1. 25
  1.  

  2. 9

    The blog post glaringly omits defer, which also has a runtime cost compared to straight function calls, but it’s far better than finalizers are. Finalizers are only appropriate when the objects are subject to complex lifetime graphs where you actually need the GC to figure out when they’re dead. For objects with simple lifetimes, just defer C.free_allocated(ptr).

    1. 6

      Finalizers are only appropriate when the objects are subject to complex lifetime graphs where you actually need the GC to figure out when they’re dead.

      Finalizers aren’t guaranteed to be called even when the GC reaps the value, so they don’t actually help in this case, except as a best-effort optimization. Said another way, there’s no reliable way to know whether or not a value is “dead” or not! Annoying, but true.

      1. 12

        Finalizers ARE guaranteed to be run IF the GC reaps the value. What is not guaranteed is that any given dead value will ever actually ever be reaped.

        And that is absolutely fine. Go is doing the right thing here.

        If what you want is guaranteed destruction before program exit then what you do (and this is language-independent … I don’t actually use Go) is:

        • add the object to a weak (doesn’t cause the object to not be GCd) collection of objects to be destroyed at exit

        • add a finalizer to the object that removes itself from the at-exit collection, as well as any other actions

        • at exit, call the finalisers for any objects still in the collection

        NOTE if you do this then you have to be very careful because some of the objects may refer to each other, and there is no way in general to BOTH destroy only objects that no other object is referring to AND to make sure all objects are destroyed.

        Not running GC at program exit is the right choice, because in fact you would need to run GC repeatedly until a run in which no new objects were reaped.

        In fact it is often beneficial for short-lived programs to never GC at all.

        Try making a library with…

        void free(void *p){}
        
        ... and LD_PRELOAD it into a regular C program that uses malloc/free such as gcc. You will find that on a machine with a decent amount of RAM small compiles will actually go faster.
        

        Try doing the same thing with Boehm GC compiled in transparent malloc/free replacement mode, so that free() is a NOP (as above) and malloc() does GC. Virtually any standard C/C++ program you try it on will 1) still work fine, and 2) run faster.

        1. 5

          Finalizers ARE guaranteed to be run IF the GC reaps the value. What is not guaranteed is that any given dead value will ever actually ever be reaped.

          I think this is the best summary of what’s happening, thank you, and my apologies for confusing the issue earlier.

          If what you want is guaranteed destruction before program exit then … add the object to a weak (doesn’t cause the object to not be GCd) collection of objects to be destroyed at exit

          AFAIK there is no way to construct a collection with this property in Go, but if you know of a way I’m happy to be educated!

          1. 2

            Finalizers and weak maps are sort of different interfaces for equivalent capabilities. You can make a weak map using finalizers, but it’s a pain in the butt. See https://github.com/golang/go/issues/43615

          2. 2

            Virtually any standard C/C++ program you try it on will 1) still work fine, and 2) run faster.

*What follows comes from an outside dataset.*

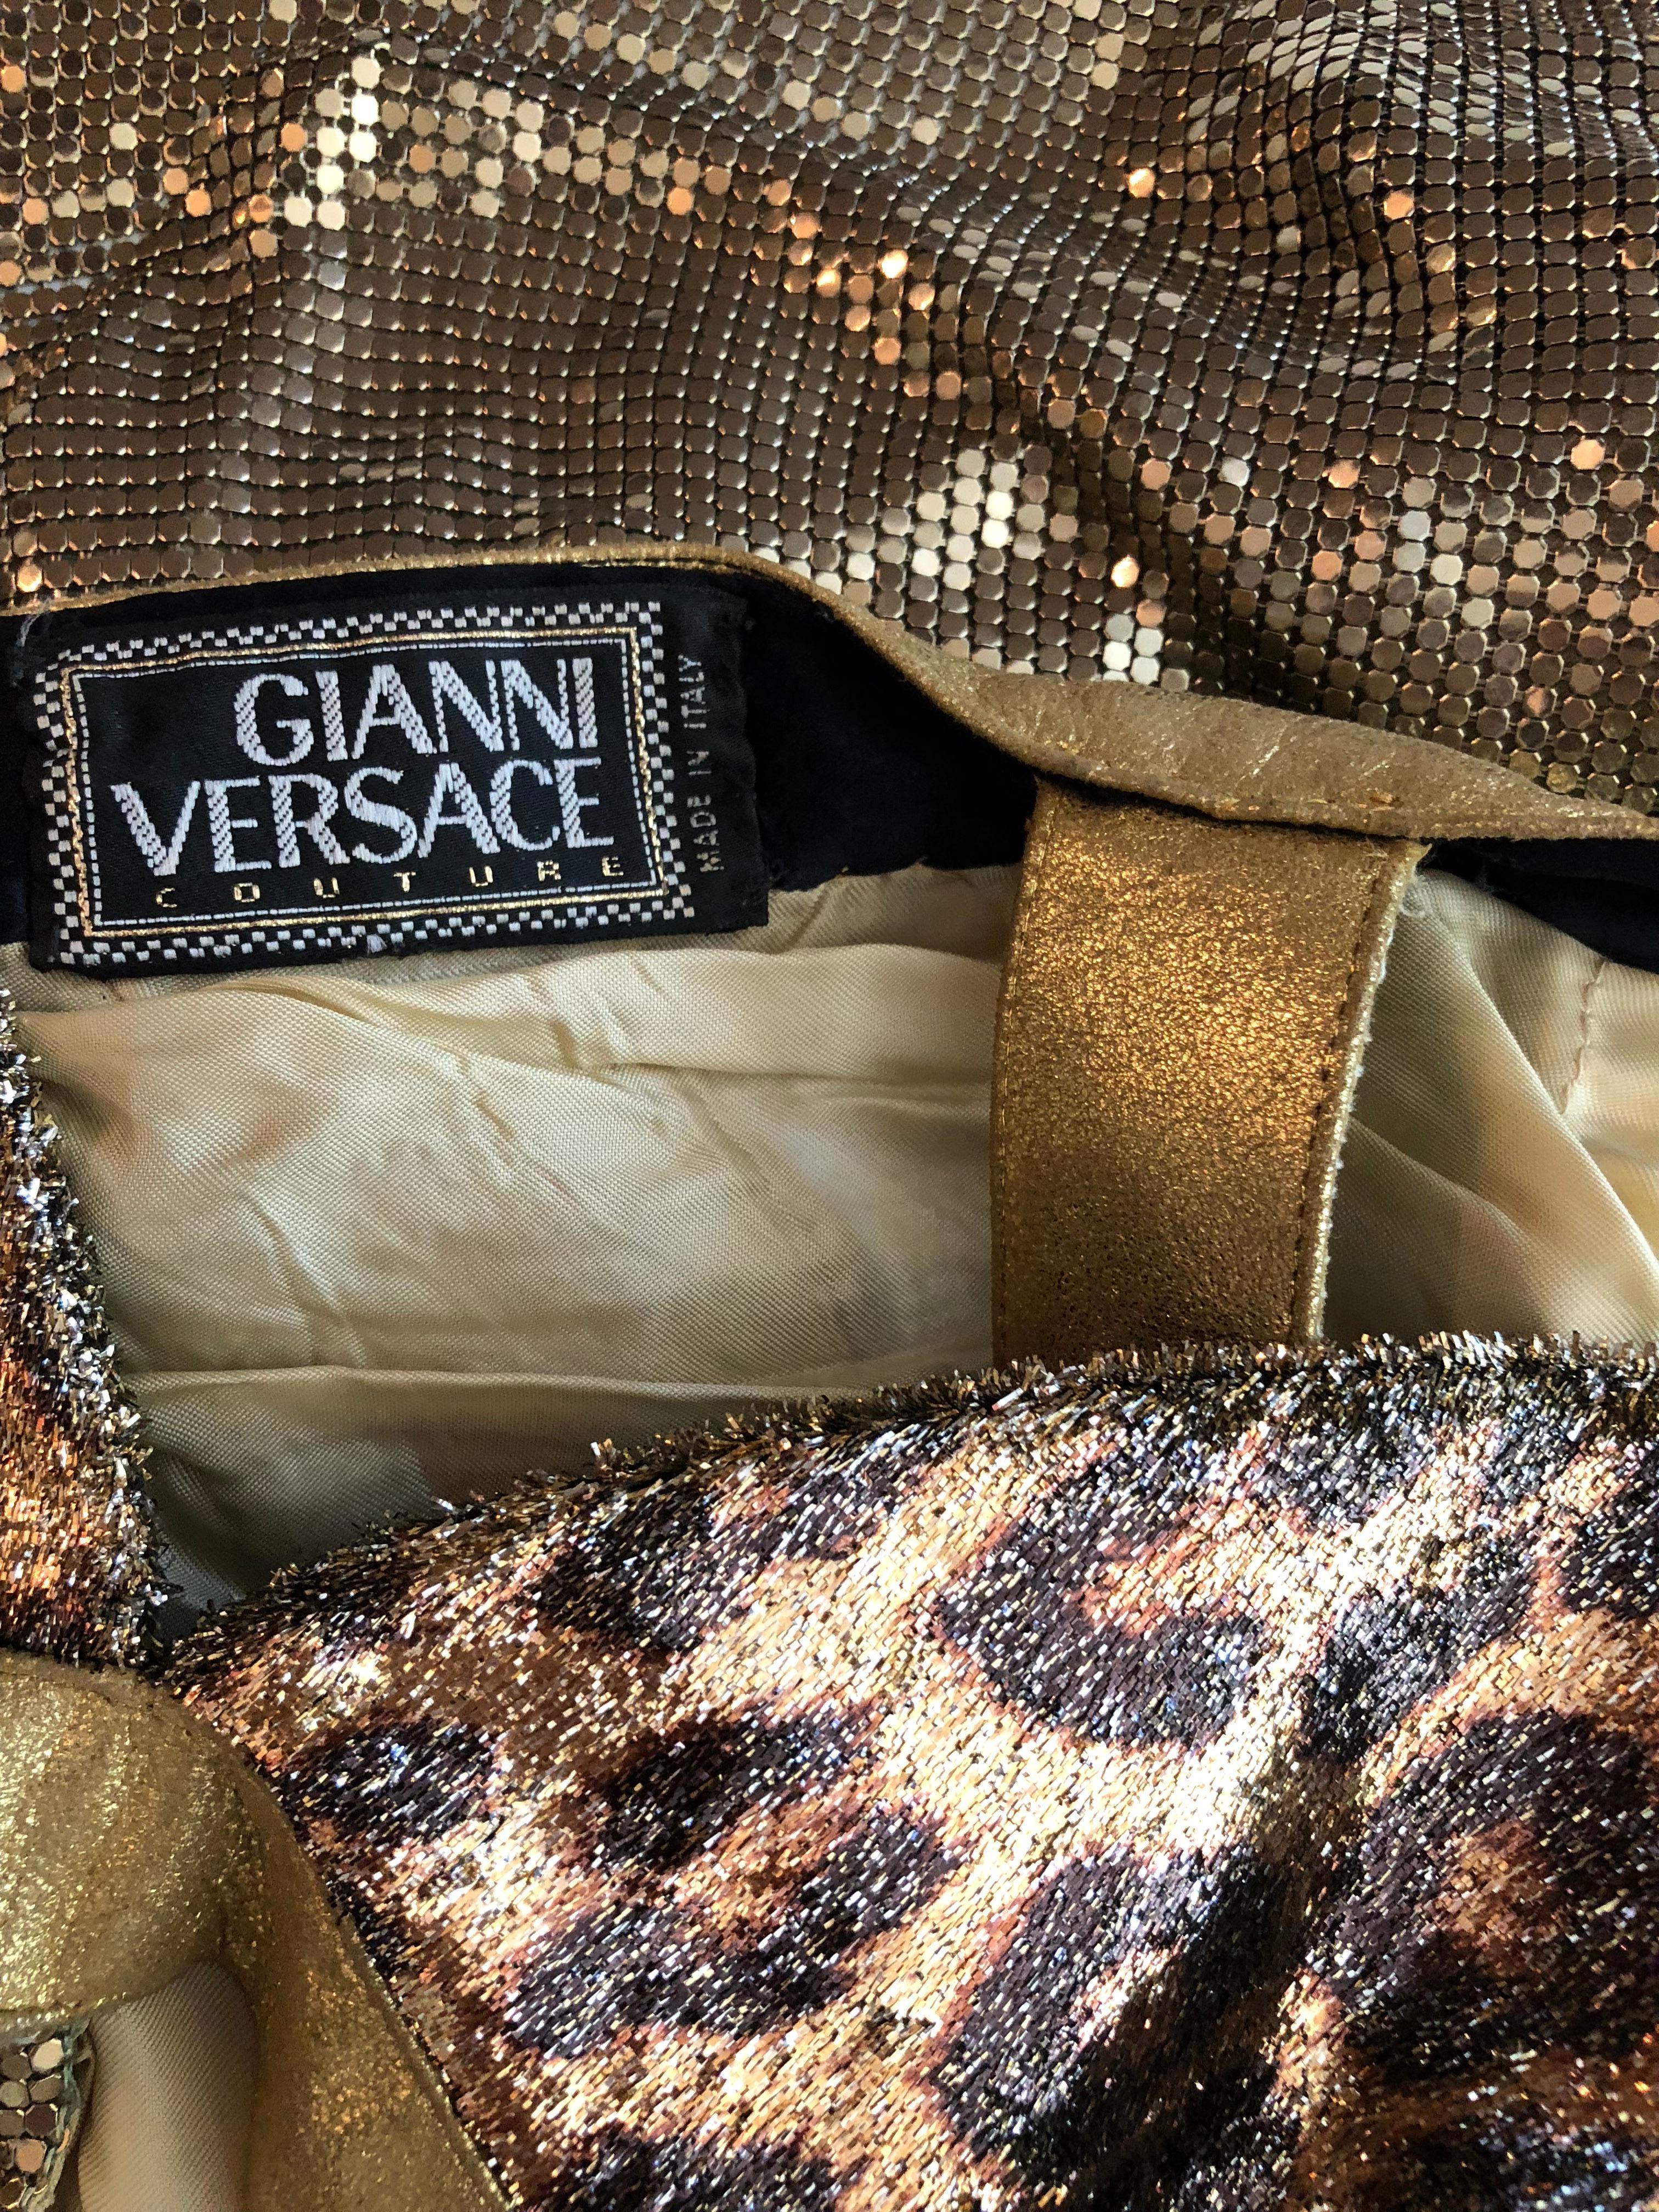 Gianni Versace F/W 1994 Runway Ad Campaign Vintage Gold Oroton Metal Mesh Dress In Good Condition For Sale In Naples, FL

            Frankly, I would be surprised to see that happen. GC can definitely beat malloc for interesting workloads, but although bdw is an excellent piece of engineering, it is at an inherent disadvantage compared to a proper gc, considering that it lacks precise layouts and cannot move. Historically, malloc implementations were quite bad, whereas bdw’s allocator was rather decent; nowadays, I think the mallocs have largely caught up.

            1. 1

              No doubt libc malloc implementations are a lot better now than when I first tried this experiment in the late 90s. From memory, the last time I did the experiment was 2017 when I was working on an LLVM-based compiler for OpenCL. For compiling typical OpenCL kernels it was definitely better to use a simple bump-pointer malloc(), disable free(), and free all the RAM in one go after compiling the kernel.

              In my experience, most objects that contain pointers are mostly pointers, and finding and parsing the relevant layout information takes longer than just assuming that everything might be a pointer. On anything where the heap is small compared to the address space (e.g. all 64 bit machines) a simple bounds check (size_t)(ptr-heapStart) < heapSize instantly eliminates virtually all non-pointers.

              Being able to move / compact objects is an advantage, for sure, but C malloc() libraries can’t do that either, so BWDGC is not at a disadvantage relative to malloc().

              1. 1

                Mallocs typically use freelists that have good temporal locality: you can free an object, and soon after, when you allocate another one, you can reuse the memory from the first, while it is still hot in cache. Good tracing gcs generally can’t do this, but make up for it with good spatial locality, which mallocs can’t typically provide. Bdw provides neither.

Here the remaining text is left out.